Currently the workaround is to tweak the hashing function so that the IDs are generated more evenly.

yatli avatar Aug 20 '17 13:08 yatli

Thanks kindly for your reply! Currently, I use HashHelper.HashString2Int64 to generate the IDs. The reason why I use hash is that I think this method is theoretically quicker than independent index service for queries. I do not know whether the generated IDs are unbalanced. Is there any other replacement?

I will try multi_cell_lock branch to check whether this meets my requirement. Further feedback will be put up here. :)
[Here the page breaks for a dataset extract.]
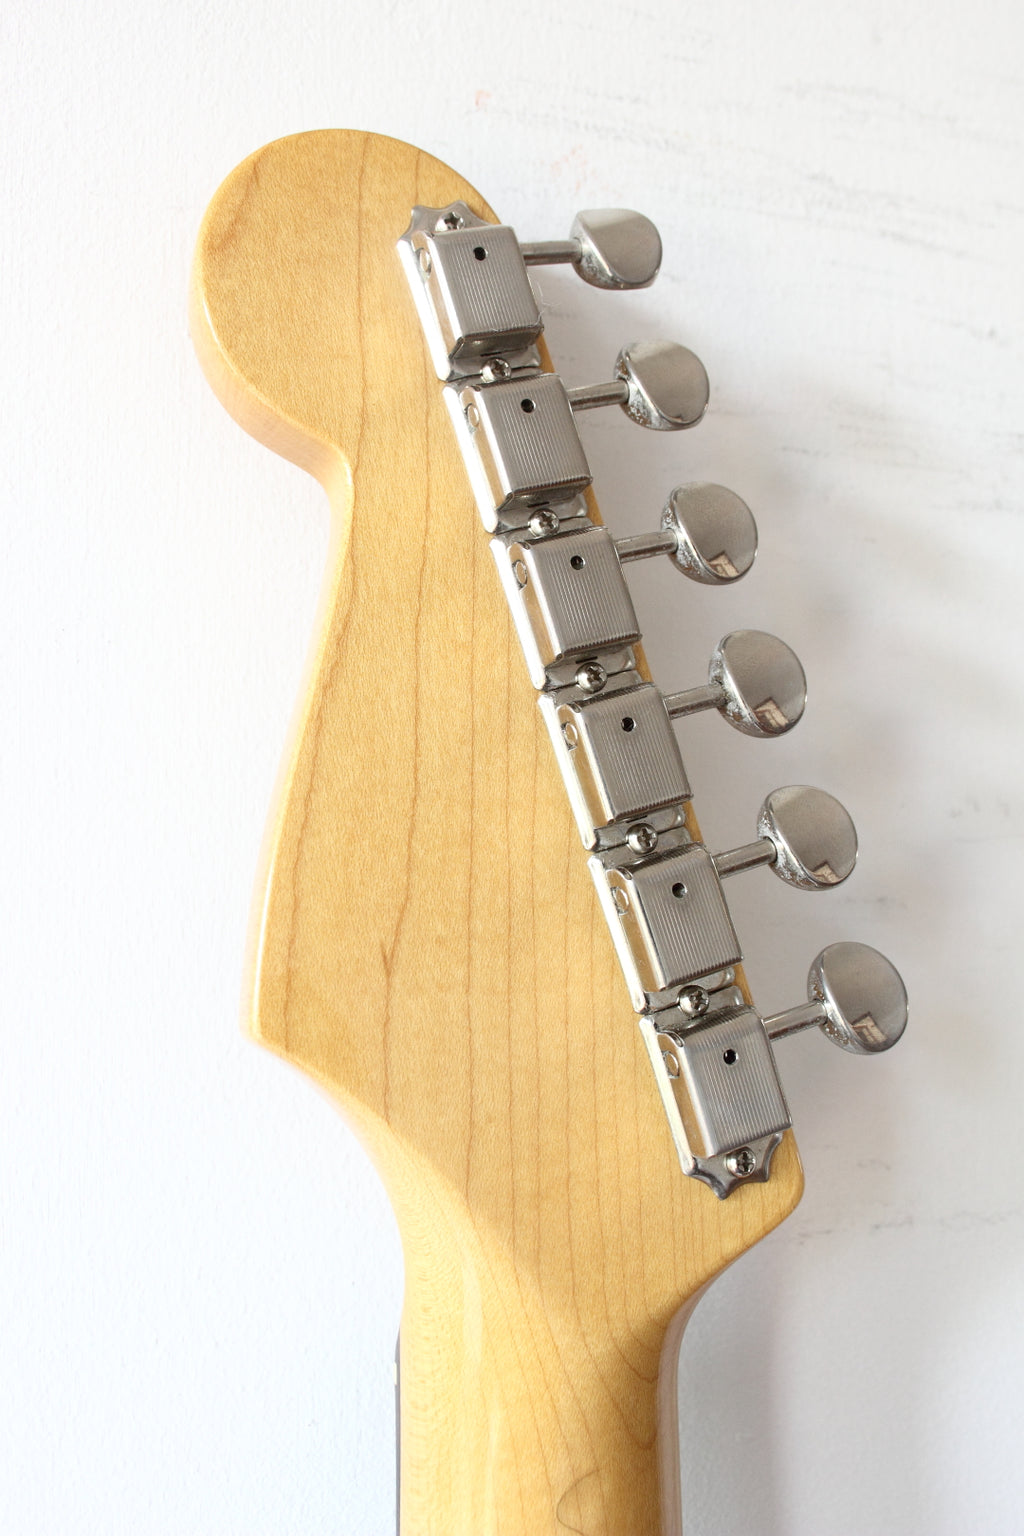 Fender Japan '62 Reissue Stratocaster Shell Pink ST62 2013
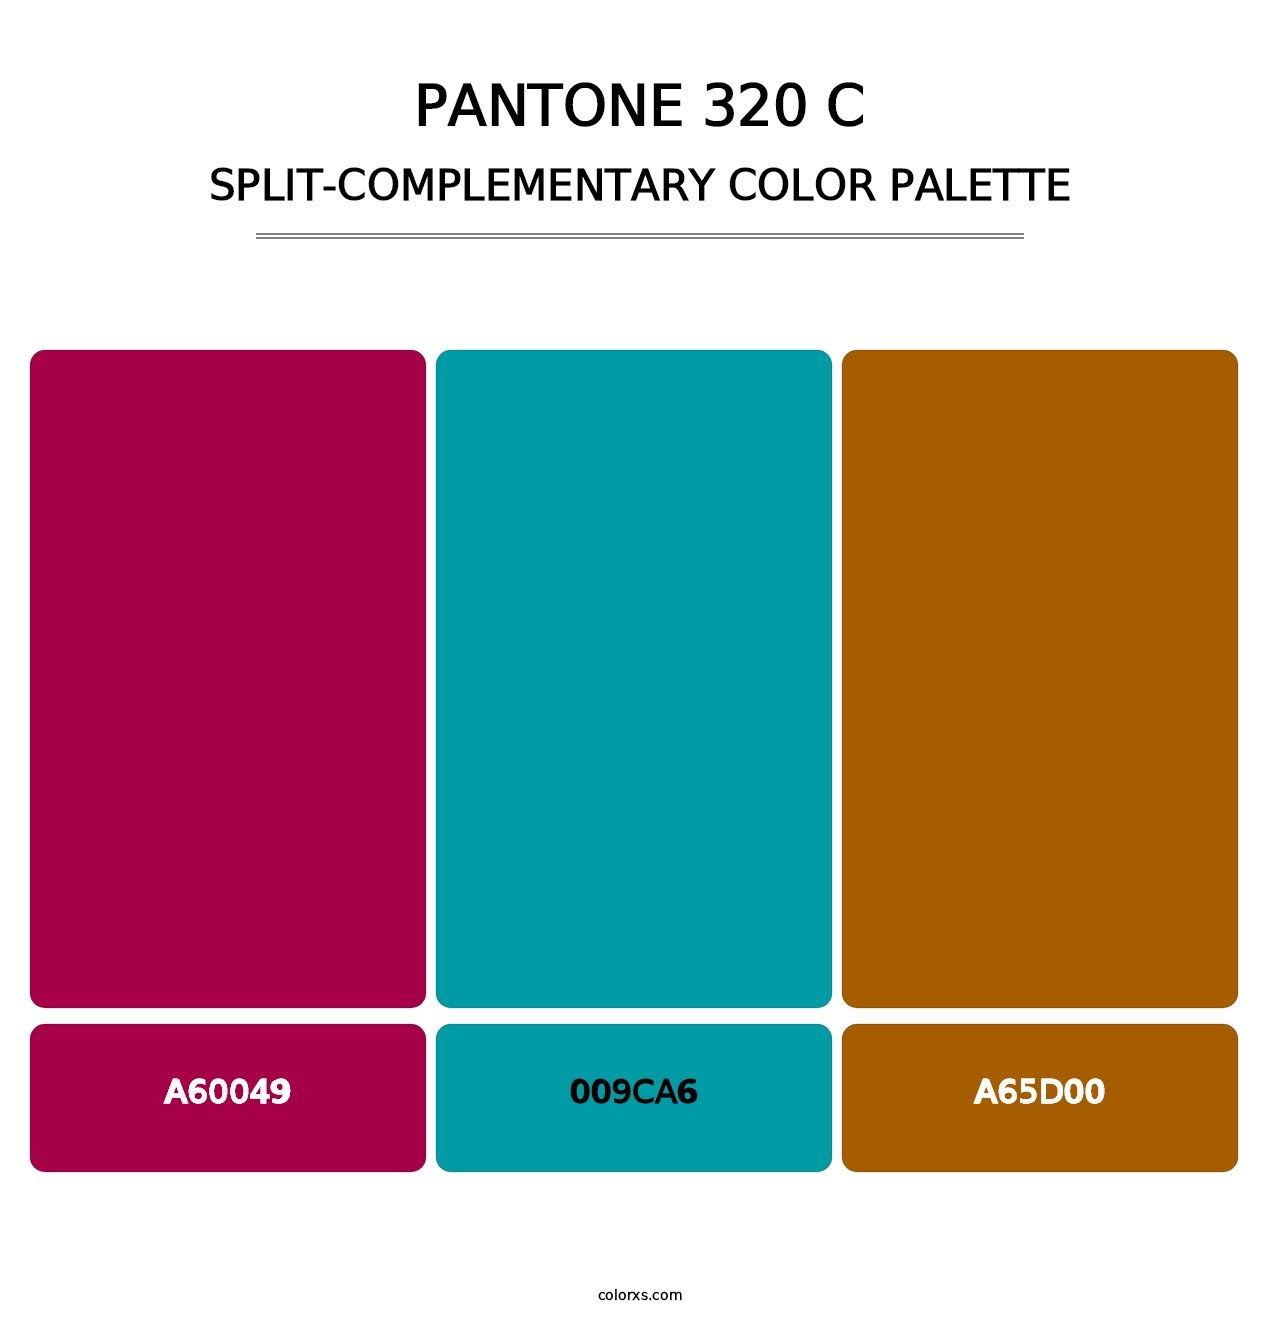 PANTONE 320 C - Split-Complementary Color Palette

bingzhangdai avatar Aug 21 '17 03:08 bingzhangdai

@bingzhangdai not sure about what's a replacement suitable for your scenario.. You can use LINQ queries to get the storage space taken by each trunk:

Currently TrunkId is determined by the second LSB byte ;)

yatli avatar Aug 21 '17 08:08 yatli

I tried multi_cell_lock branch, but got an exception while loading the configuration file (I use version 2 here),

Unhandled Exception: System.TypeInitializationException: The type initializer for 'Trinity.TrinityConfig' threw an exception. ---> System.TypeInitializationException: The type initializer for 'Trinity.InternalCalls' threw an exception. ---> System.InvalidOperationException: InternalCall Trinity.Storage.CLocalMemoryStorage::CThreadContextAllocate cannot be registered! at Trinity.InternalCalls.Register() at Trinity.InternalCalls..cctor() --- End of inner exception stack trace --- at Trinity.InternalCalls.__init() at Trinity.TrinityConfig..cctor() --- End of inner exception stack trace --- at Trinity.TrinityConfig.LoadConfig()

bingzhangdai avatar Aug 22 '17 10:08 bingzhangdai

@yatli btw, I am curious about the methods to avoid the unbalance. Just as what you mentioned, TrunckId is determined directly by cellId,

public static int GetTrunkId(long cellId) {
        return *(byte*)&cellId;
}

StaticGetServerIdByCellId method works similarly. If we want to get TrunckId directly from cellId, I cannot figure out if there exist some ways to avoid unbalance in principle, apart from the more evenly cellId generation method.

bingzhangdai avatar Aug 22 '17 10:08 bingzhangdai

@bingzhangdai how about a self-balancing local memory storage? Because trunks are not visible from outside the local process, we can make arbitrary rebalancing. The tradeoff is that a register mask & shift operation is replaced by a memory access (lookup table)

yatli avatar Aug 24 '17 13:08 yatli

@yatli Thanks for your comment! That is a good idea. But the system design may be a little bit complicated. And it might have performance impact, although the impact may not be significant I guess.

bingzhangdai avatar Aug 27 '17 09:08 bingzhangdai